With the long weekend about to begin here in the states, I’ll be taking tomorrow off to celebrate Independence Day, and a couple of milestones of a more personal nature. But before I leave town for a few days, I wanted to take this opportunity to remind everyone that the 2014 Tour de France gets underway on Saturday, with the first stage couple of stages actually taking place in the U.K. this year. Considering how good the British cyclists have been over the past few years, it seems a fitting way to kick things off.
Traditionally, the Tour begins with a short prologue that is often used just to jockey for early position, and while it can be wild at times, it is often a bit anti-climactic. This year, Stage 1 will be a 118.1 mile (190 km) jaunt from Leeds to Harrogate that promises to favor the sprinters coming down the stretch. There are a few category 3 and 4 climbs to earn some points towards the King of the Mountains Jersey in in the middle of the ride, but for the most part it’ll be flat and fast, particularly near the end.
Brit Mark Cavendish has already said that he has geared his entire season towards winning this stage, and it would be tough to bet against him. The Manx Missile would love to win on British soil, and don the Yellow Jersey for the first time in his career. With 25 wins on his resume, he has a chance to finish as the all time leading stage rider in Tour history. But standing in his way is the big German rider Marcel Kittel, the man who won the final stage of the Tour last year on the Champs-Elysees. Look for that rivalry to take center stage once again, but don’t be surprised if Peter Sagan doesn’t steal this stage, and grab the Yellow Jersey for himself. The brash young Slovak already has two Green Jerseys as the Tour’s top sprinter in his closet, and he’d like to add another.
After what is sure to be a frenetic start to the race, Sunday’s Stage 2 will run from York to Sheffield. It will be 124.9 miles (201 km) of rolling hills with Category 3 and 4 climbs abounding, and even a Cat 2 thrown in for good measure. While this isn’t a mountain stage by any means, it will test the legs of the sprinters early on, and give someone an opportunity to make a break away. It should provide plenty of fireworks for a stage this early in the race, and the GC contenders had better not get caught out napping.
That brings us to Monday’s 96.3 mile (155 km) run from Cambridge to London. This one is almost completely flat, and it will be a sprinter’s dream. Expect big crowds in the U.K.’s capital as the Tour returns for the first time since 2007. They’ll be hoping to see Cavendish leading the peloton towards the finish line. We’ll have to wait to see if he is up to the task.

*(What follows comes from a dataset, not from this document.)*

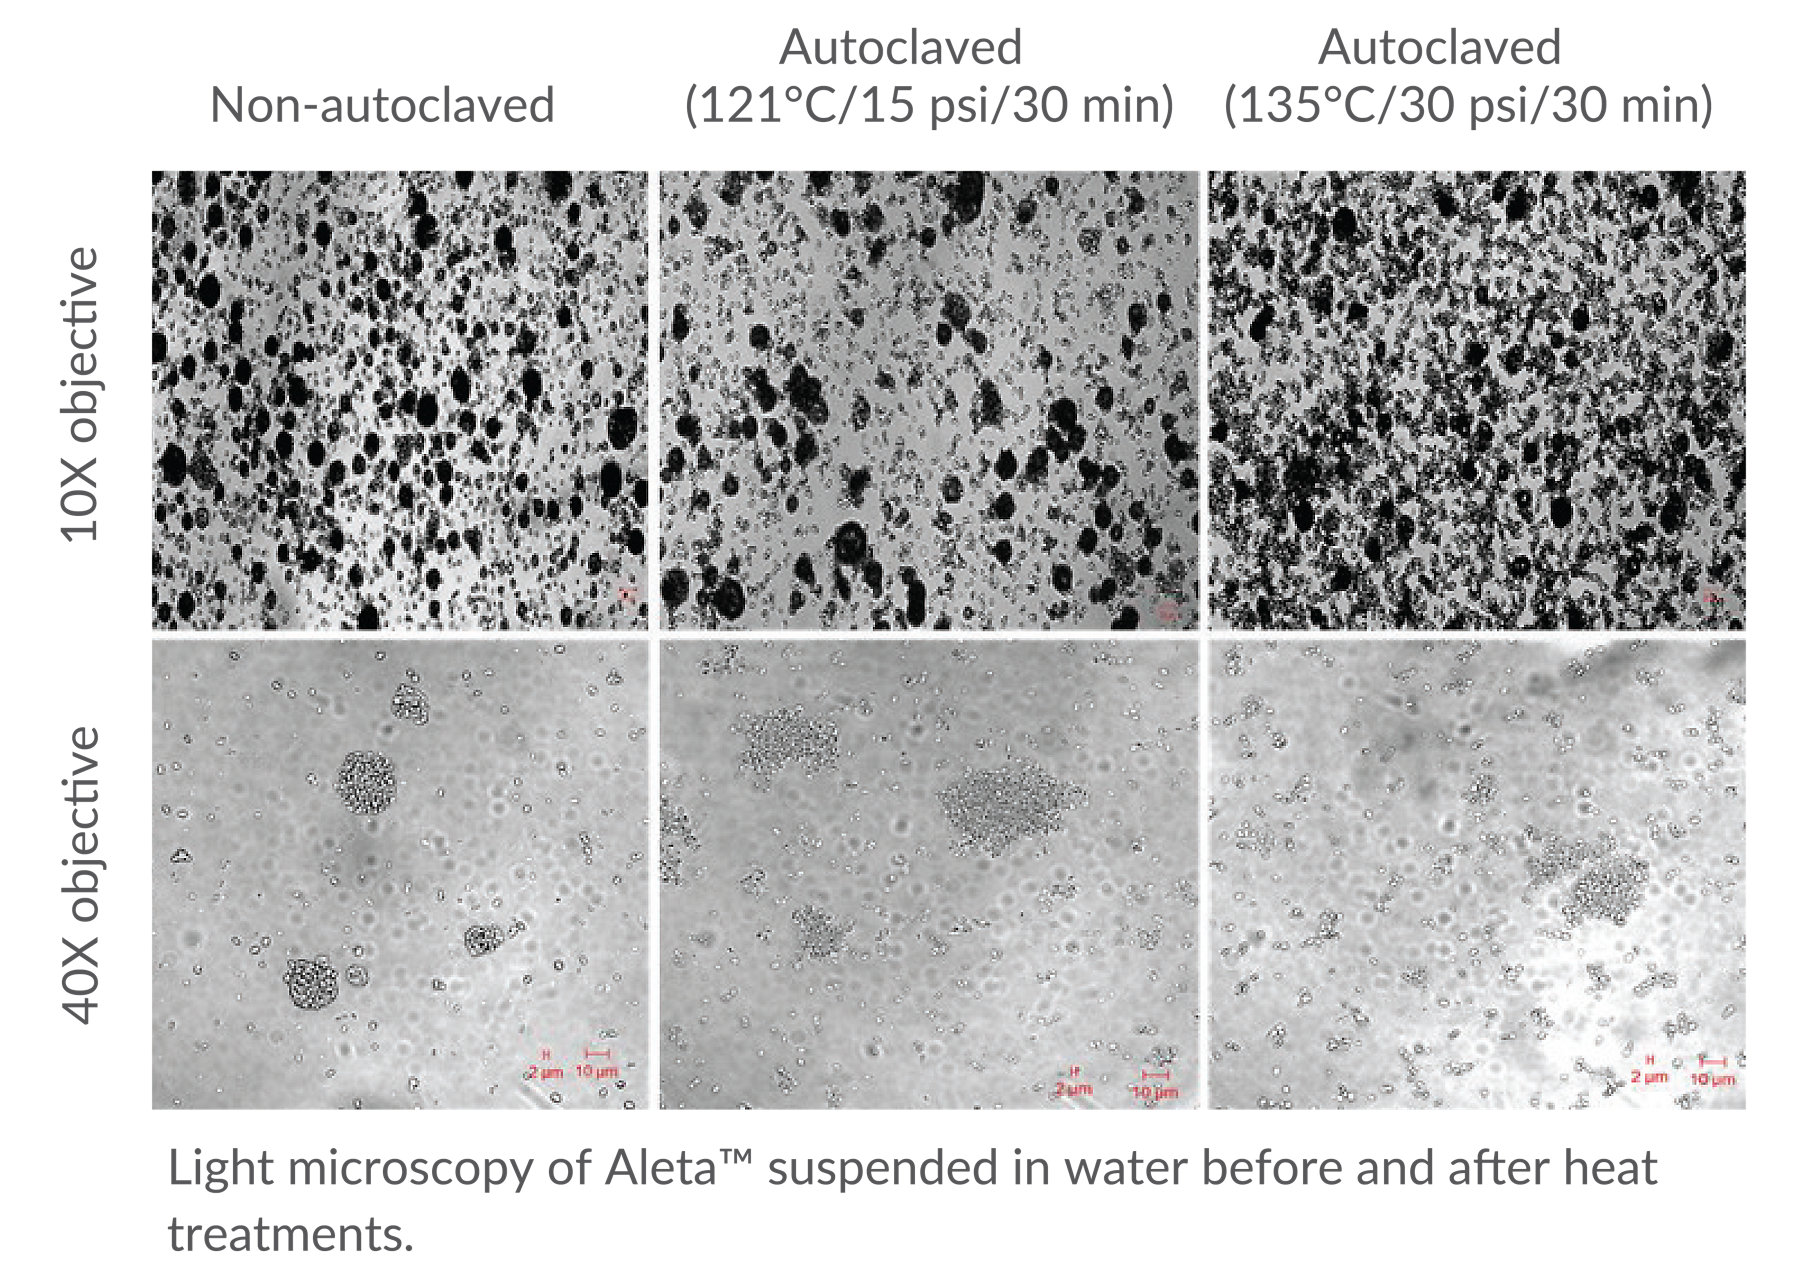 KAA Aleta light microscopy suspended in water reference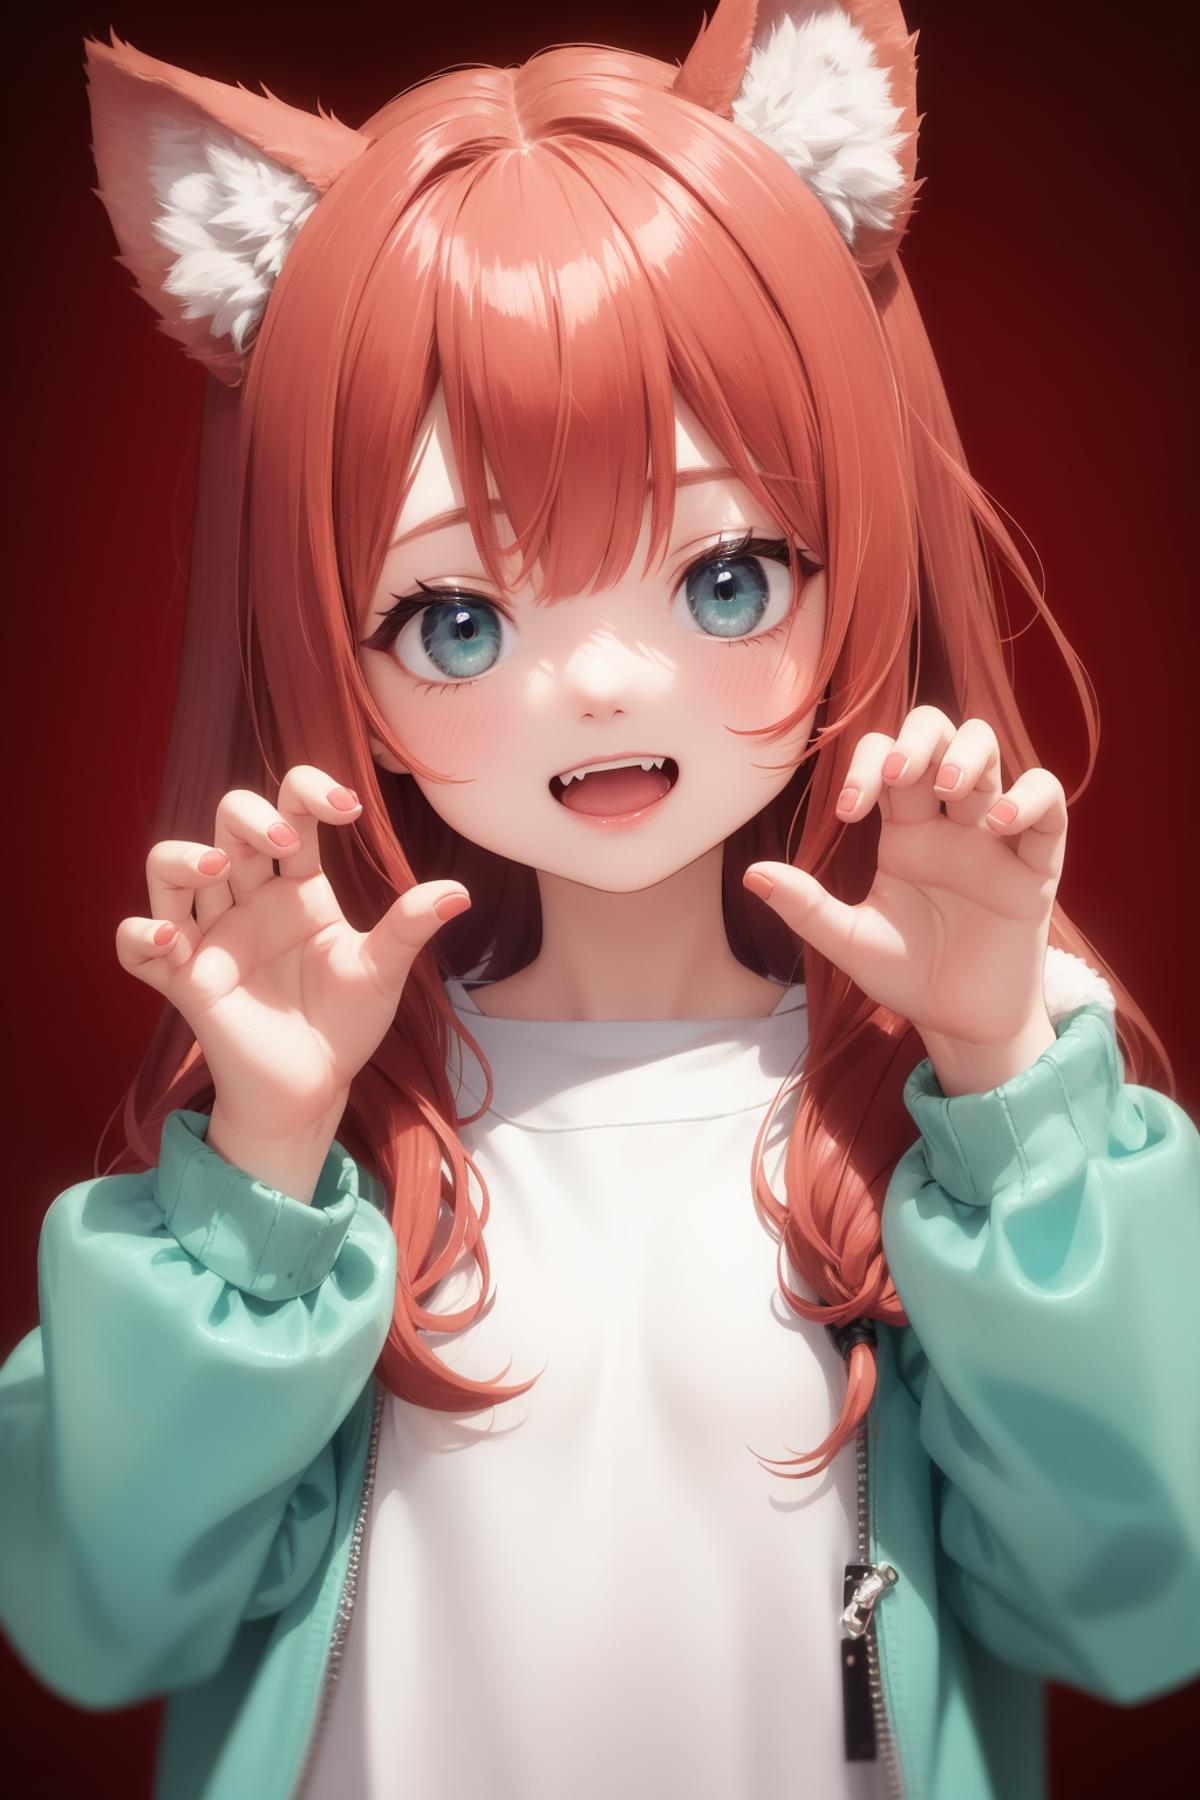 A CGI image of a girl with fangs and cat claws.

Heading into the race, it is difficult to predict who will be the winner. Obviously, defending champ Chris Froome will be the man to watch, but he hasn’t been riding well of late, and looked to be in poor form following a crash in the Criterium du Dauphine a few weeks back. One man who has been riding well is none other than Alberto Contador, who is hungry to get another win in the Tour. It appears that he has rounded back into form after struggling some in 2013, following a year long suspension for using a banned substance in 2012.
Froome and Contador aren’t the only ones in the hunt for the Yellow Jersey. Joaquim Rodriguez is hoping to prove that last year’s third place finish was no fluke, and the mountain stages that will come in the second and third weeks could allow the Spaniard to improve on that position. 25-year old American Andrew Talansky could be a threat as well, coming off a big win at the Criterium du Dauphine. His countryman, Tejay Van Garderen, is now the undisputed leader of Team BMC, and they’ll ride for him this year. He’s hoping to bounce back from a very disappointing 2013 Tour.
As usual, I’ll be covering the race as closely as I can. Typically I write daily updates from each stage, and I’m planning on doing the same this year as well. It should be an interesting Tour to watch, as the course is going to be extremely tough, particular the mountain stages. Will Froome be able to successfully defend? Can Contador reclaim past glory? Will a new legend emerge from the Peloton? We’ll have to wait to see. Personally, I can’t wait to watch it all play out on cycling’s grandest stage.